There is increasing evidence that fetal influences, particularly birth weight, may be a determinant of blood pressure in adult life. For example, babies who are small at birth are more likely to have higher blood pressure during adolescence and to be hypertensive as adults. Babies who are small for their age are also more likely to have metabolic abnormalities that have been associated with the later development of hypertension and cardiovascular disease, such as insulin resistance, diabetes mellitus, hyperlipidaemia, and abdominal obesity (the “Barker hypothesis”). Insulin resistance almost certainly contributes to the increased prevalence of coronary disease seen in adults of low birth weight.

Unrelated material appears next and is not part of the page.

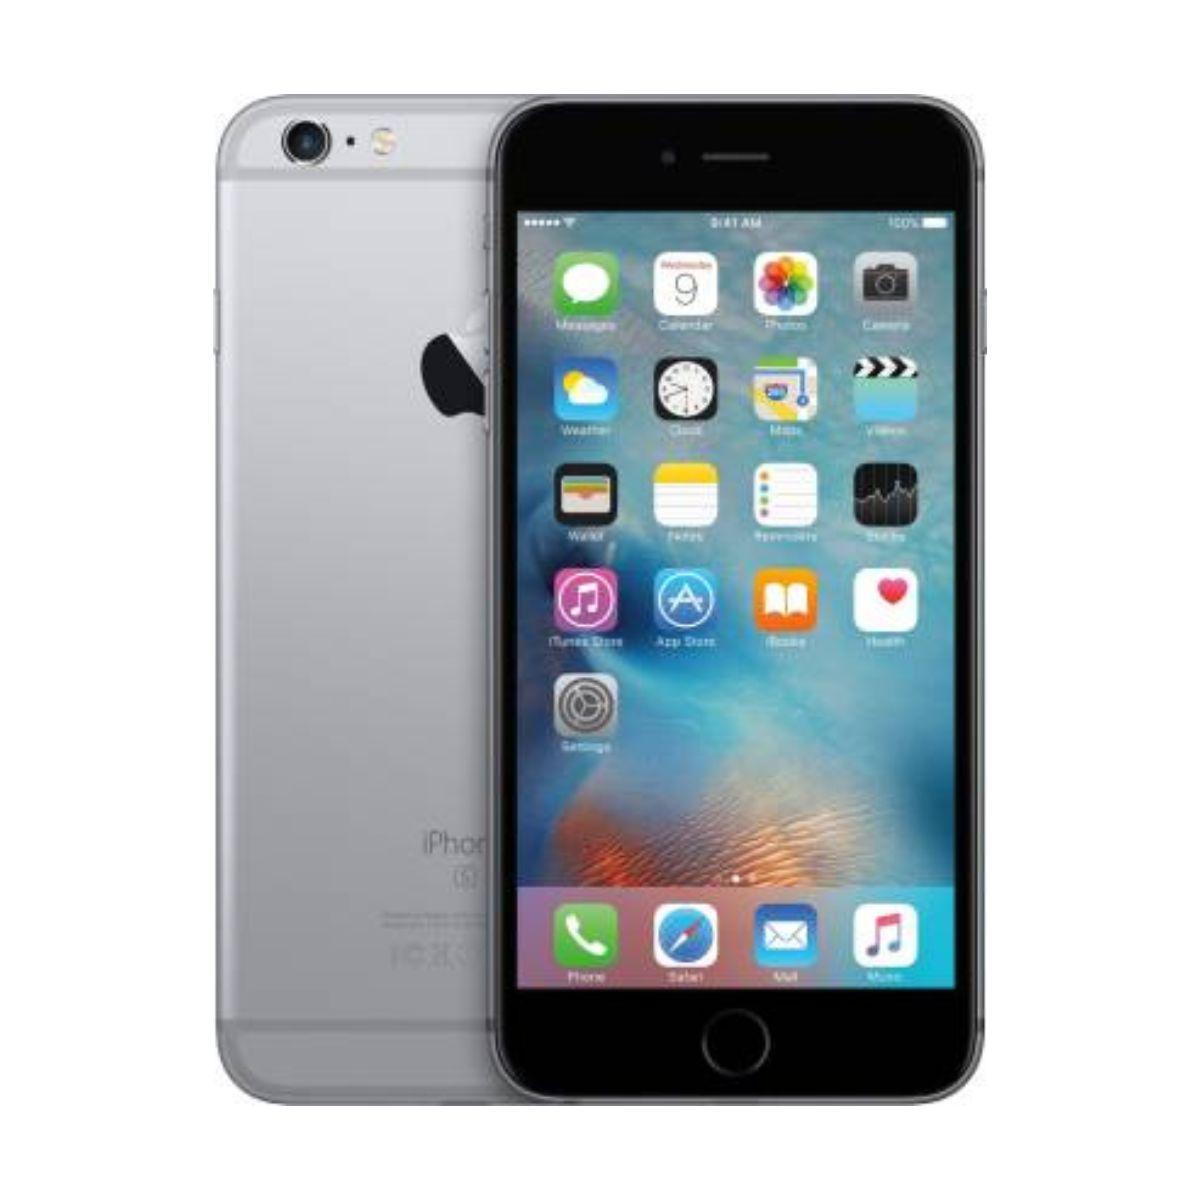 Apple iPhone 6s Plus - Mobilegoo

It is possible, however, that genetic factors influence the Barker hypothesis. Mothers with above average blood pressure in pregnancy give birth to smaller babies who subsequently develop above average blood pressure themselves and eventually hypertension. It is entirely likely that the similarity of blood pressures in mother and child are genetic and, in a modern “healthy” society, unrelated to intrauterine undernutrition.
In hypertensive left ventricular hypertrophy, the ventricle cannot relax normally in diastole. Thus, to produce the necessary increase in ventricular input, especially during exercise, there is an increase in left atrial pressure rather than the normal reduction in ventricular pressure, which produces a suction effect as described above. This can lead to an increase in pulmonary capillary pressure that is sufficient to induce pulmonary congestion. The rise in atrial pressure can also lead to atrial fibrillation, and in hypertrophied ventricles dependent on atrial systole the loss of atrial transport can result in a significant reduction in stroke volume and pulmonary oedema. Exercise induced subendocardial ischaemia can also produce an “exaggerated” impairment of diastolic relaxation of the hypertrophied myocardium.